I didn’t offer my own. I didn’t want my real last name hanging out on Katy Lipman’s desk.
“If you think of anything else, please don’t hesitate to call.”
“Katy should just about be back here soon, from checking on the wiring and all,” Hayes said. “If you guys had any questions for her.”
> “I thought you said it was the plumbing?” I inquired.
“What?” He looked startled.
“The emergency at the site,” I said. “You said it was the plumbing.”
“Plumbing and wiring,” he clarified. “You know how it is. When it rains, it pours.”
I smiled thinly. “Indeed, it does, Mr.

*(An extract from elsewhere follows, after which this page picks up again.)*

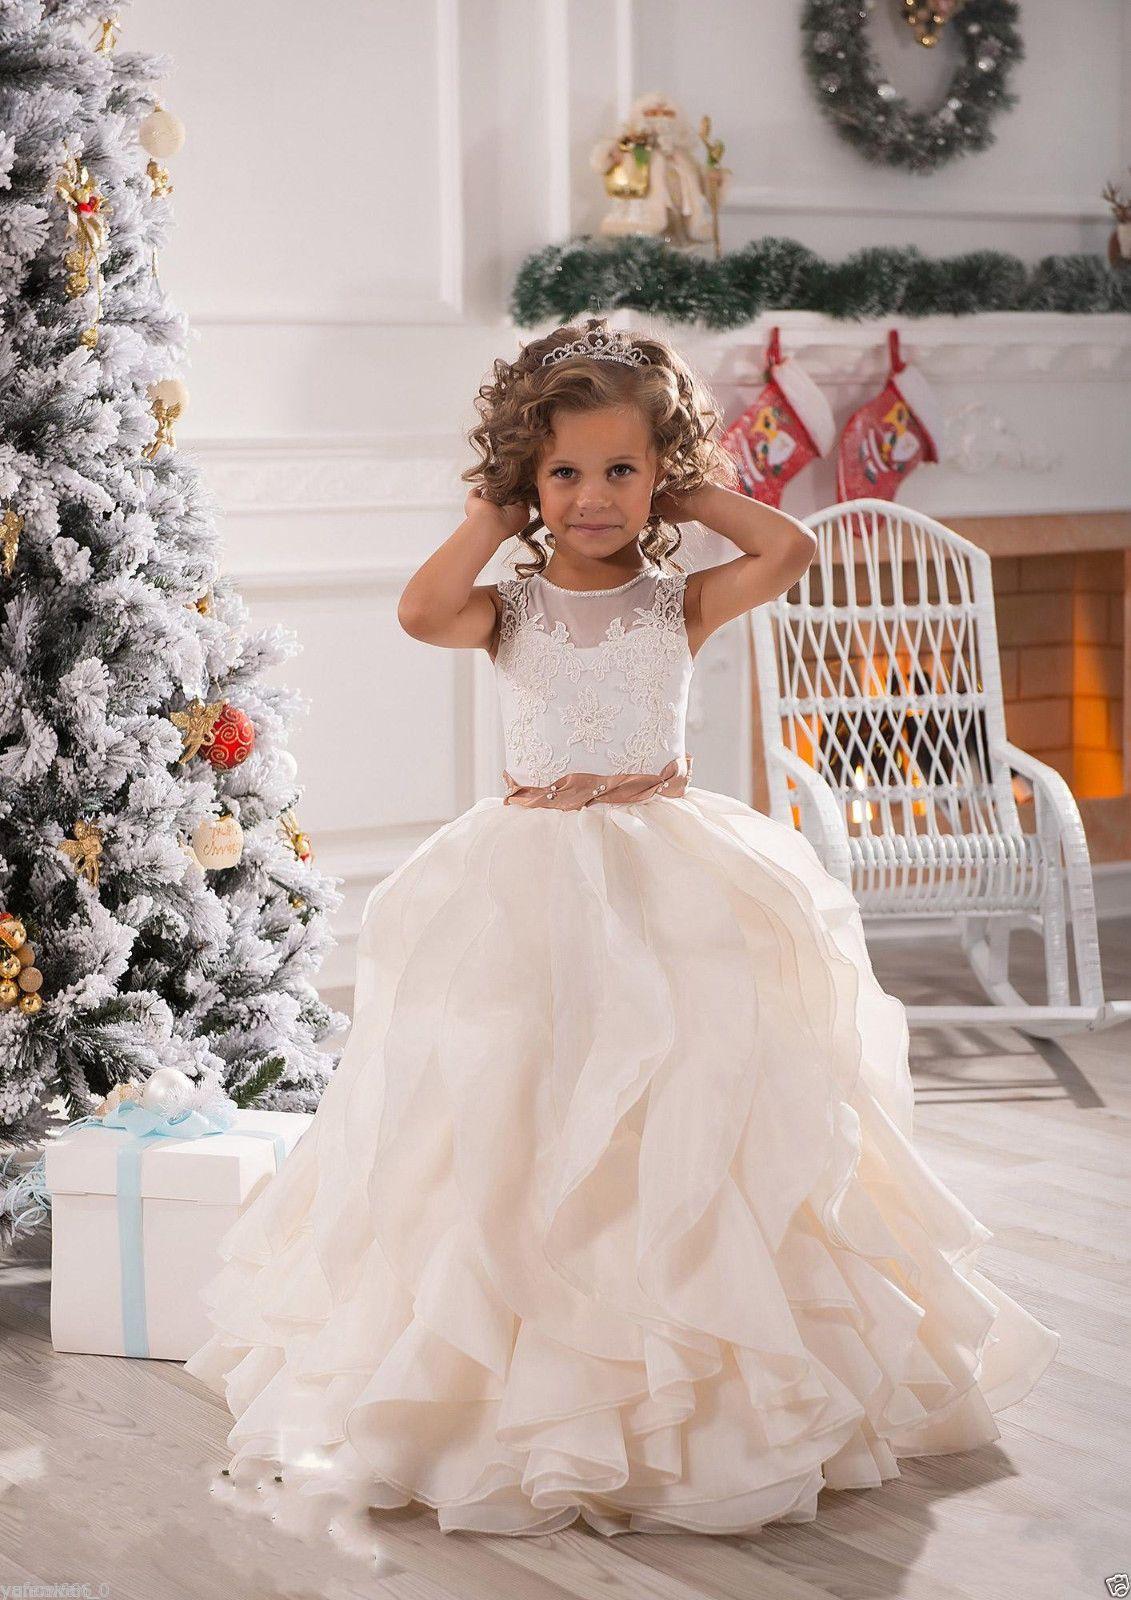 f19e354c8 NEW White IvoryRuffles Wedding Prom Kids Pageant Baby Princess ...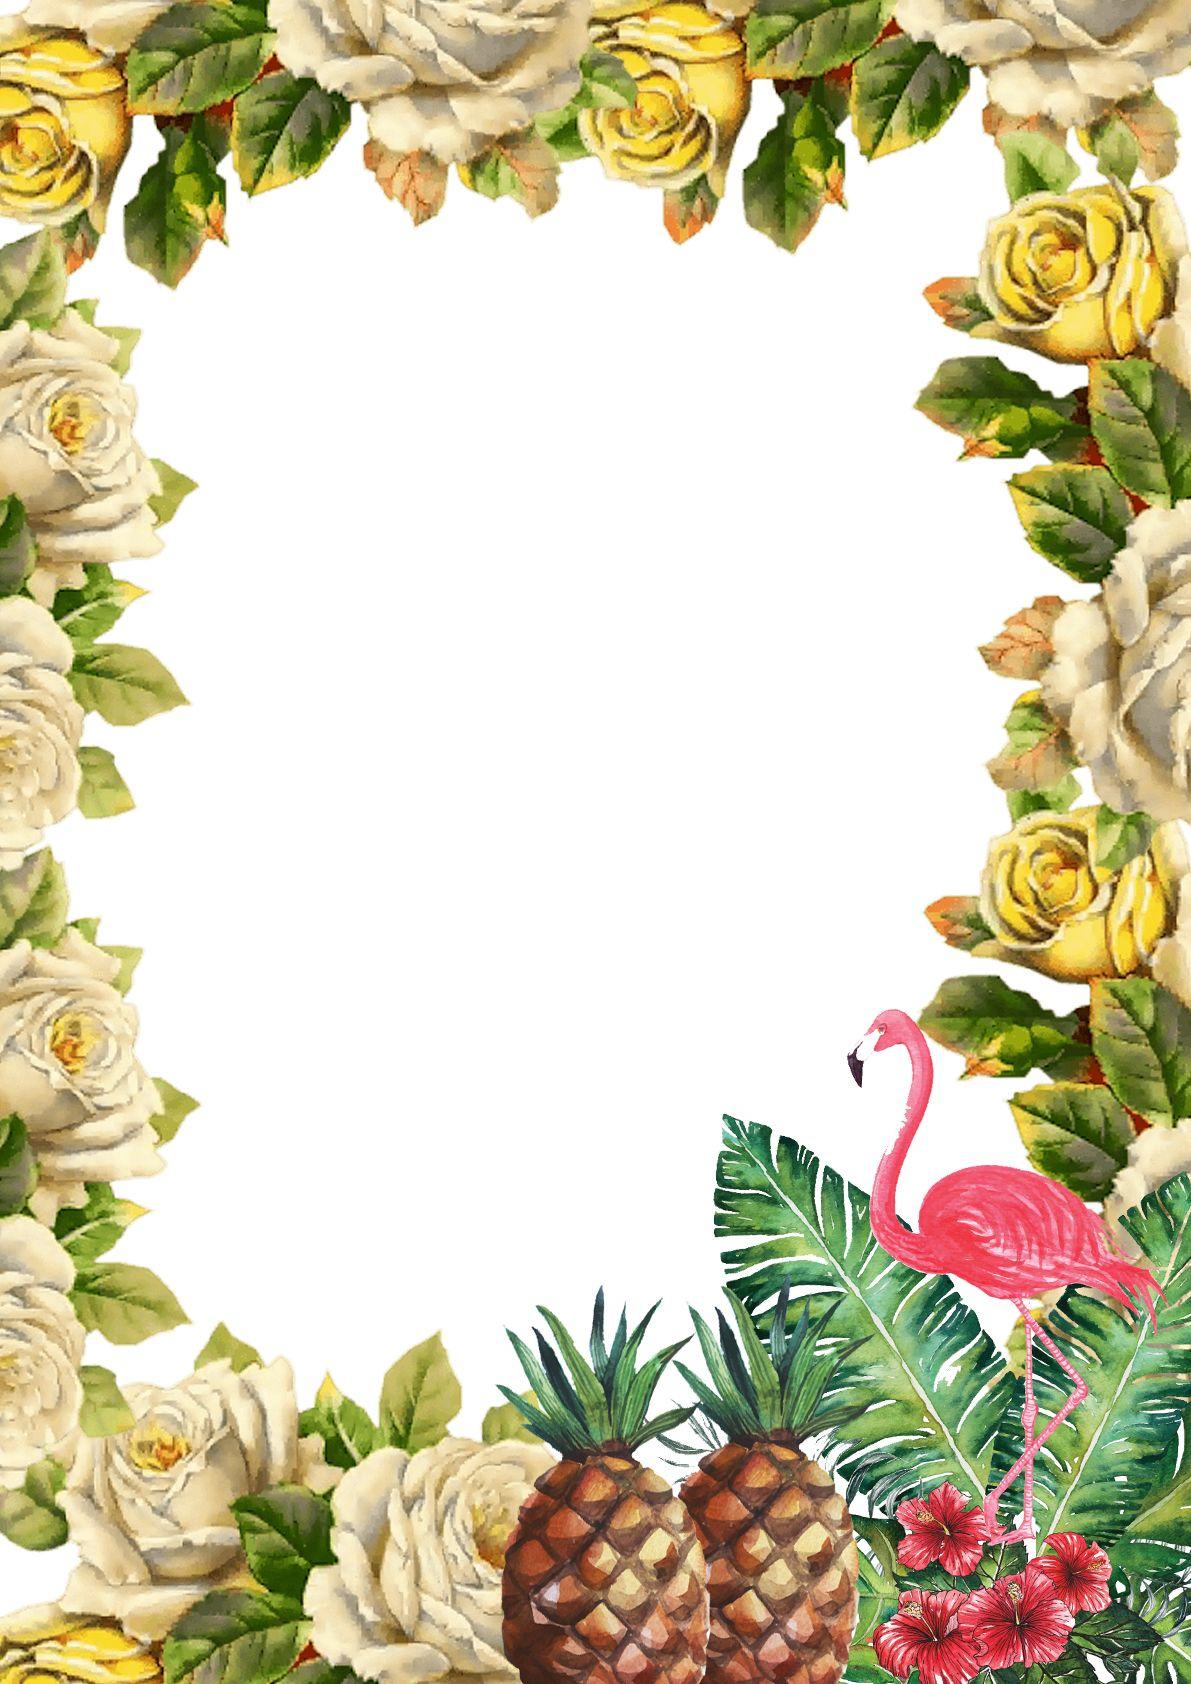 template convite festa havaiana bday pinterest tropical arri re plans iphone et transfert. Black Bedroom Furniture Sets. Home Design Ideas

Hayes. Indeed it does.”
“Anyone that given to spouting clichés is clearly hiding something,” I said when we got back into the car. Unsurprisingly, Katy Lipman had failed to materialize by the conclusion of our interview.
“They’re definitely up to something, all right,” said Harper. “If there’s one thing we can be sure of, it’s that.”
6
To Catch a Predator
After we gave our briefing to Agent Brown, we looked for a quiet place to read over the Pete Moss transcriptions given to us by Agent Manning. There was a Mexican restaurant on the river next door to the church, which seemed like as good a place as any. Real estate was at something of a premium in the back room of the church amidst the flurry of CARD team members, and I was the type of person who needed absolute peace and quiet to concentrate.
We asked for a table outside on the deck at Dos Hermanos, all but ensuring we would be alone with no one to overhear or interrupt. It was still cold enough that no one would be joining us outside. Harper ordered two Coronas and a basket of chips while we looked over the menu.
“What do you think Lipman and Hayes are up to?” Harper asked as I pulled out the ominous manila folder that held Brittany’s interactions with the mysterious Pete Moss.